Select the Right Fit – Not Just a Warm Body
Welcome to my 3rd blog in our 2016 Culture Hacker series. It’s time to talk about selection.
One of the most important roles you have as a manager is to select the right people to be a part of your team. Although controversial in his thinking, I found a quote from Italian Philosopher Niccolo Machiavelli that has stuck with me over the years. He said, “The first method for estimating the intelligence of a ruler is to look at the people he has around him.” I think this is a powerful insight for any manager. Ask yourself, how would I judge someone purely on the attitude, behaviors, and words of the people he is responsible for at work? It is an interesting concept.
We all know – at least I hope we do – that selecting the right person is important. There is plenty of research that suggests hiring the wrong person will result in lost productivity, increased turnover, and increasingly disengaged staff. Yet for many managers, getting someone as quickly as possible to fill a role without any consideration for their job or organizational fit is the norm.
When looking to hire someone, you have to begin with a job match, ensuring the candidates have the skills, disposition, and intelligence to complete the tasks required. Some positions require more emphasis on skills than others. Obviously there would be more emphasis on skills for a technician than a receptionist. However, once the basic requirements have been met, an emphasis on culture fit must occur. Job fit means they have the skills, expertise, and experience to do a job, while culture fit means they adhere to a set of values and behaviors that are aligned with how things get done. What we are proposing today is that you must be willing to focus on cultural fit as much as job fit.

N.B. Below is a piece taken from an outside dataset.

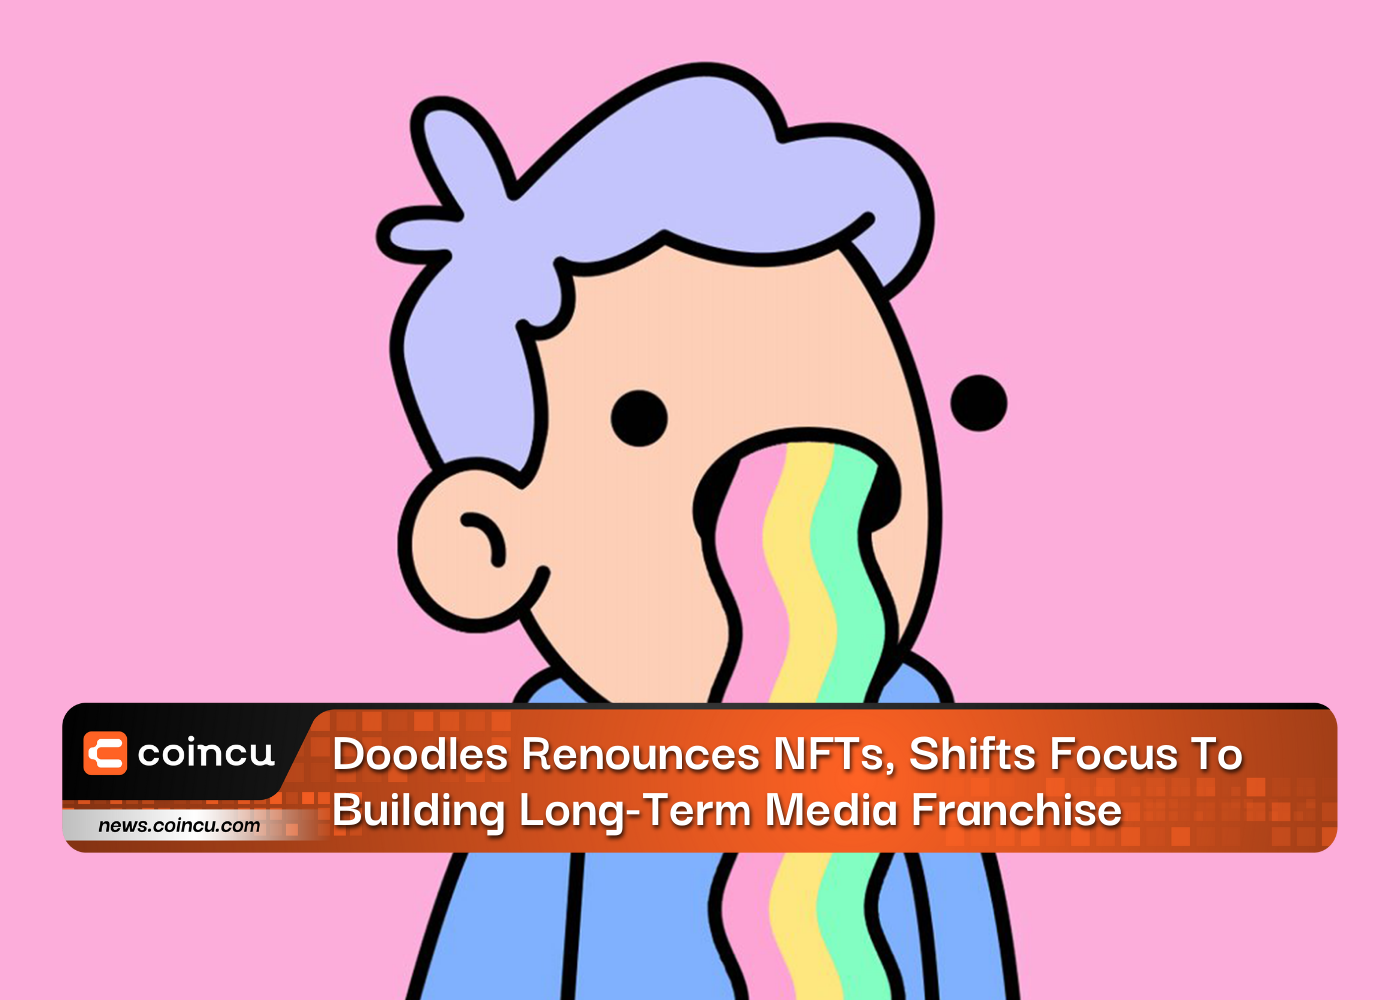 Doodles Renounces NFTs, Shifts Focus To Building Long-Term Media Franchise

As a big LA Lakers fan, I love this quote from their late owner, Jerry Buss in 2007, “Everybody can see the skillful players, but the question is, ‘Are you willing to wait until you find a skillful player with high character?’ because eventually, the character is what wins out on the court.” This is a great reminder about building your winning team. It is easy to find people with skills and industry experience, but what you really want to find is a person with those skills and experience who also has character. It might take a little longer to find, but it is the character that will contribute most to the performance of your team.
So, how do you ensure you select someone with both the right experience and skills set as well as the personality or mindset to be successful in your organization? To select the right person – not just another warm body – use behavioral based questions, keep an open mind, complete reference checks, and get your other associates involved in the interview process. Let’s consider each of these steps in more detail and begin with utilizing behavior-based questions.
Use behavioral questions based on the applicant’s past experiences to determine job fit. Also, use behavior-based questions related to your corporate values to find a culture fit. I mentioned in my previous blog that one of the most important elements of having clearly defined values is that they make a great guide when making important decisions. One of the most important decisions you make is when you are selecting people to be a part of your team. Having clearly defined values that are being utilized in the selection process is my first piece of advice to any manager getting ready to hire.
During any interview, it is important to remain open minded and aware of your own biases. Biases are a natural part of being human. Recognize your biases, which may include stereotyping gender, religion, or race. That is why involving others – especially your staff – is a great idea to ensure the right person is selected.
One of the best practices I have used over the years is to involve a few of the staff in a speed interview process, not unlike what you imagine or have experienced in speed dating, where people sit together for five minutes in quick conversations. By arming staff with a couple of questions and having a mixture of staff involved in the process, it will help get a broad sense of a person’s capabilities and personality. It is also valuable to have a selection of staff involved in the final selection process, so they have some interest in making the new hire successful after they helped in making that decision.
Remember, potential candidates are interviewing you, too. Allow them time to ask questions and get an accurate understanding of the role and what is expected. It is a great idea to allow them to speak to other staff during the interview stage as well. This is another reason why I like speed interviewing with multiple staff members.
Remember to do reference checks. They are an important reinforcement of the perception and perspectives gained in the interview process. While you may only learn limited information, you will be able to confirm titles, dates, and tasks. If the referee is comfortable sharing more information, then focus on the candidate’s strengths and accomplishments.
Finally, remember that the experience any potential candidate has during their interview process needs to be memorable. Even if they might not be your next employee, they could be your next customer. Ensure a professional, respectful, and memorable interview process. Ensure you are prepared for the interview, on time, and are engaging. Ensure they are offered a break and a beverage if they are meeting multiple people and will be with you for more than an hour and a half.
After the interview process, remember to maintain that professional experience by following up when you say you will, giving them updates as required, and notifying them one way or another as soon as a decision is made. I think it is a nice touch if after the interview, regardless of whether or not you select them, you send them a thank you note or message. Remember, the interview process is an opportunity to showcase your culture and values, so put your best foot forward.